Long-Term Drift Analysis for Gamma Spectroscopy

Year
2006
Author(s)
Donald A. Close - Los Alamos National Laboratory
Tom Hill - Los Alamos National Laboratory
K. D. Ianakiev - Los Alamos National Laboratory
T. Marks - Los Alamos National Laboratory
B S Alexandrov - Los Alamos National Laboratory
R.B. Strittmatter - Los Alamos National Laboratory
J. M. Goda - Los Alamos National Laboratory
D. J. Dale - Los Alamos National Laboratory
W. S. Johnson - Los Alamos National Laboratory
Abstract
Los Alamos National Laboratory has developed a nondestructive assay instrument for continuous, unattended measurement of the enrichment of UF6 gas flowing in process pipes. The most recent generation of instrumentation uses commercially available 3-inch by ½-inch NaI detectors and digital multichannel analyzers (MCAs). While monitoring these instruments, we found that the decay-corrected net count rate from a transmission check source was not stable over periods of weeks.

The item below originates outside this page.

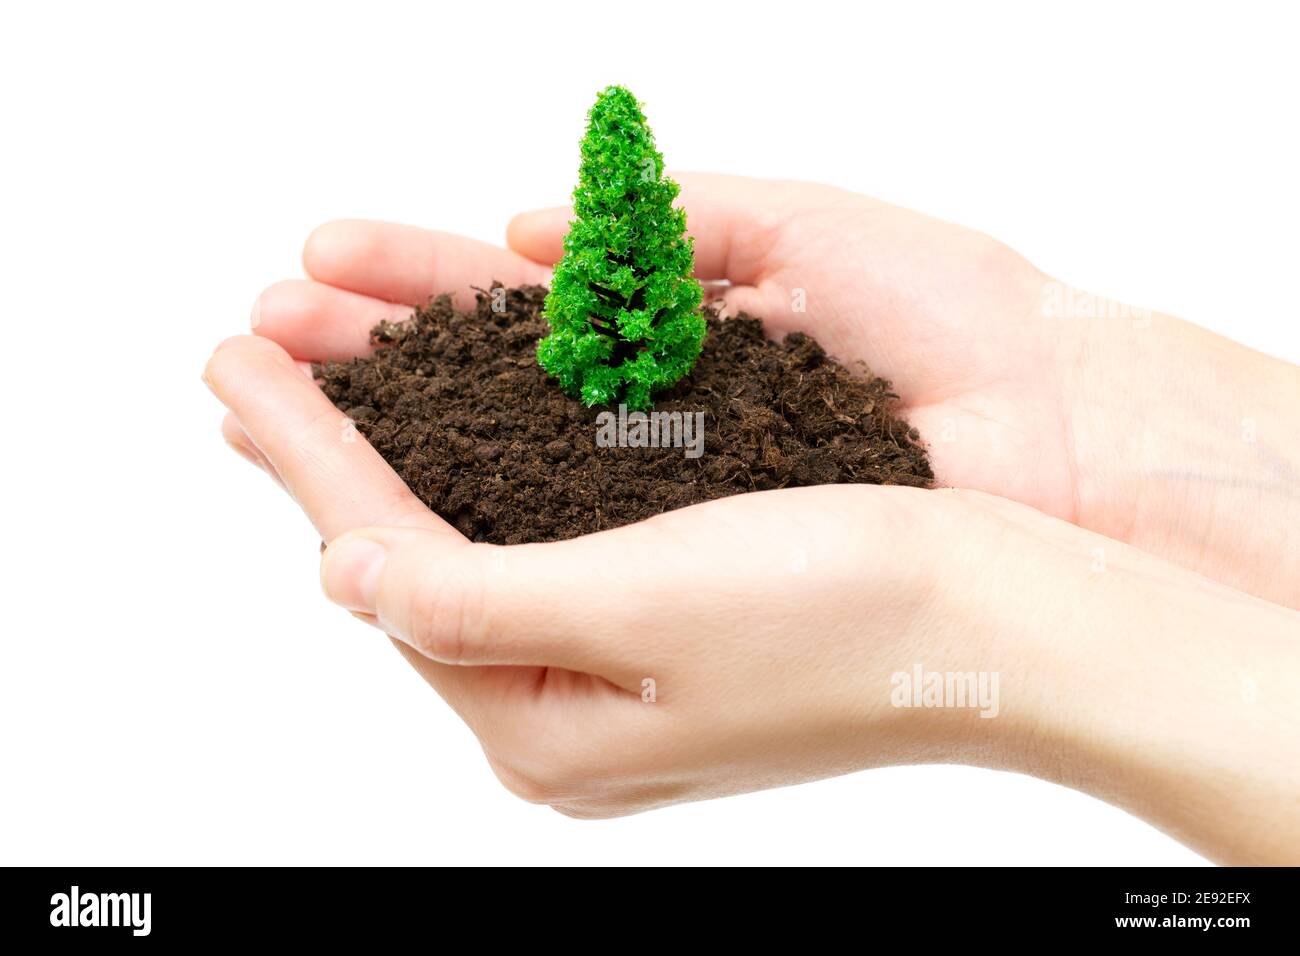 Female holding fertilized soil with a toy plastic tree. Parks care and protection concept. Stock Photo
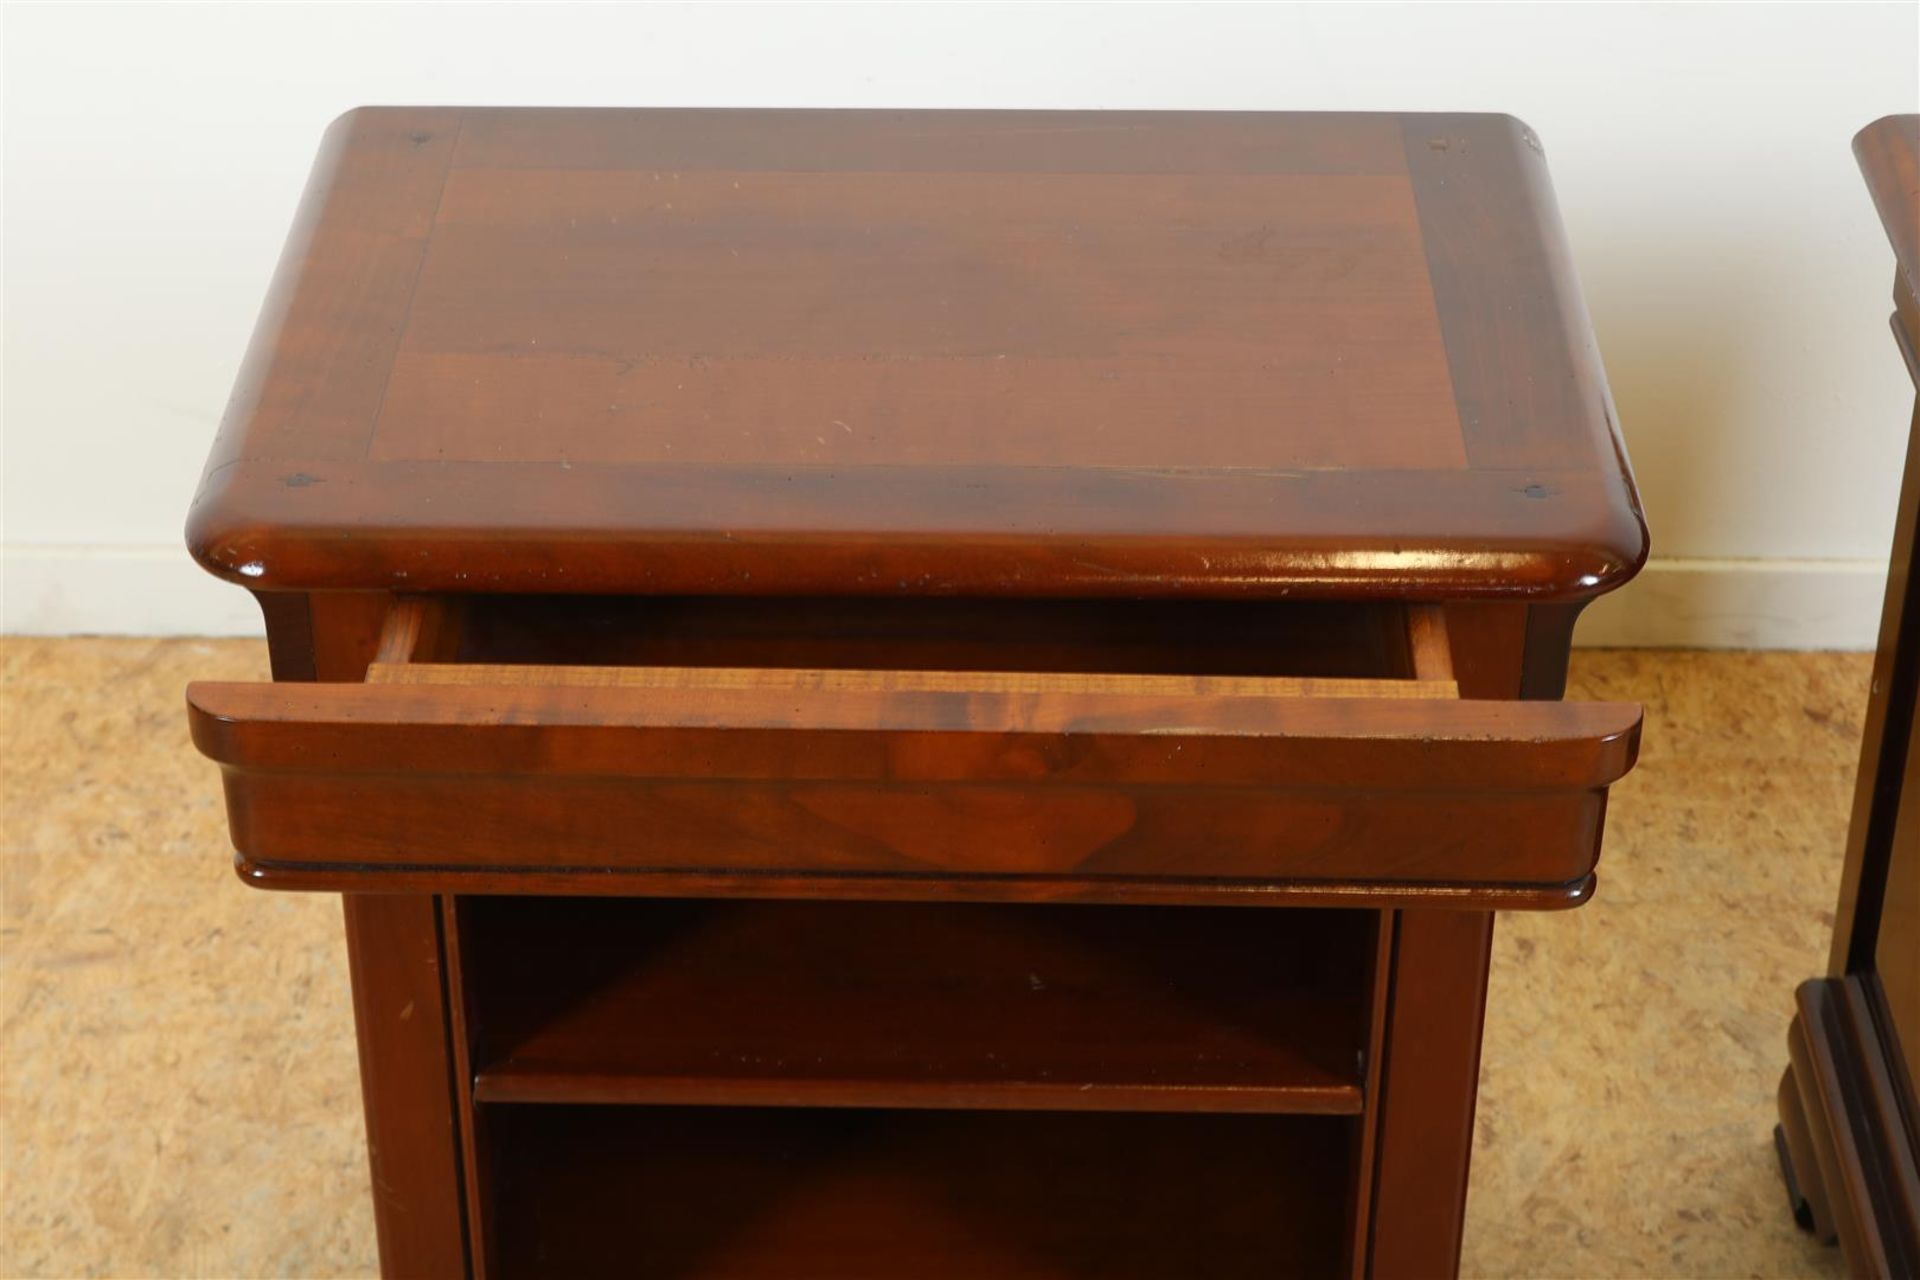 Set of cherry wood veneered bedside tables with drawer, h. 55, w. 53, d. 37 cm. - Image 2 of 3

Manually looking for correlated trends in analysis and hardware values for many runs (~150) and for long periods of time (~30 days) is very time consuming and error prone. However, we have developed software that greatly reduces both the person-time and the frequency of errors by allowing the user to easily and quickly examine the value of many parameters over long periods of time. We have achieved this by placing many (~100) parameters in the header of each spectrum file and creating a program that will allow the user to select any of these parameters to extract and plot as a function of time. The parameters in the header include hardware values such as gain-stabilizer correction, high voltage, and amplifier shaping parameters; values used for analysis such as region-of-interest designations, background count rate, and correction factors; and calculated values such as gross- and net-peak counts, calculated enrichment, and associated error. We have extended our data-acquisition software to allow it to monitor any hardware parameter available from the MCA. Additional parameters can be monitored and recorded by simply adding the appropriate MCA command to the program’s initialization file with any text editor, such as Microsoft Notepad. The acquisition program can monitor and record a parameter’s value at the end of each run or periodically sample hardware parameters during a run to collect and record statistics on the parameter’s stability during a single run. Additionally, any of the parameters in the spectrum header can be tabulated and exported to a text file for importing into Excel for more detailed analysis. This analysis tool has proven very useful for both quick in-the-field checks on instrument performance and as an indepth analysis tool in the laboratory.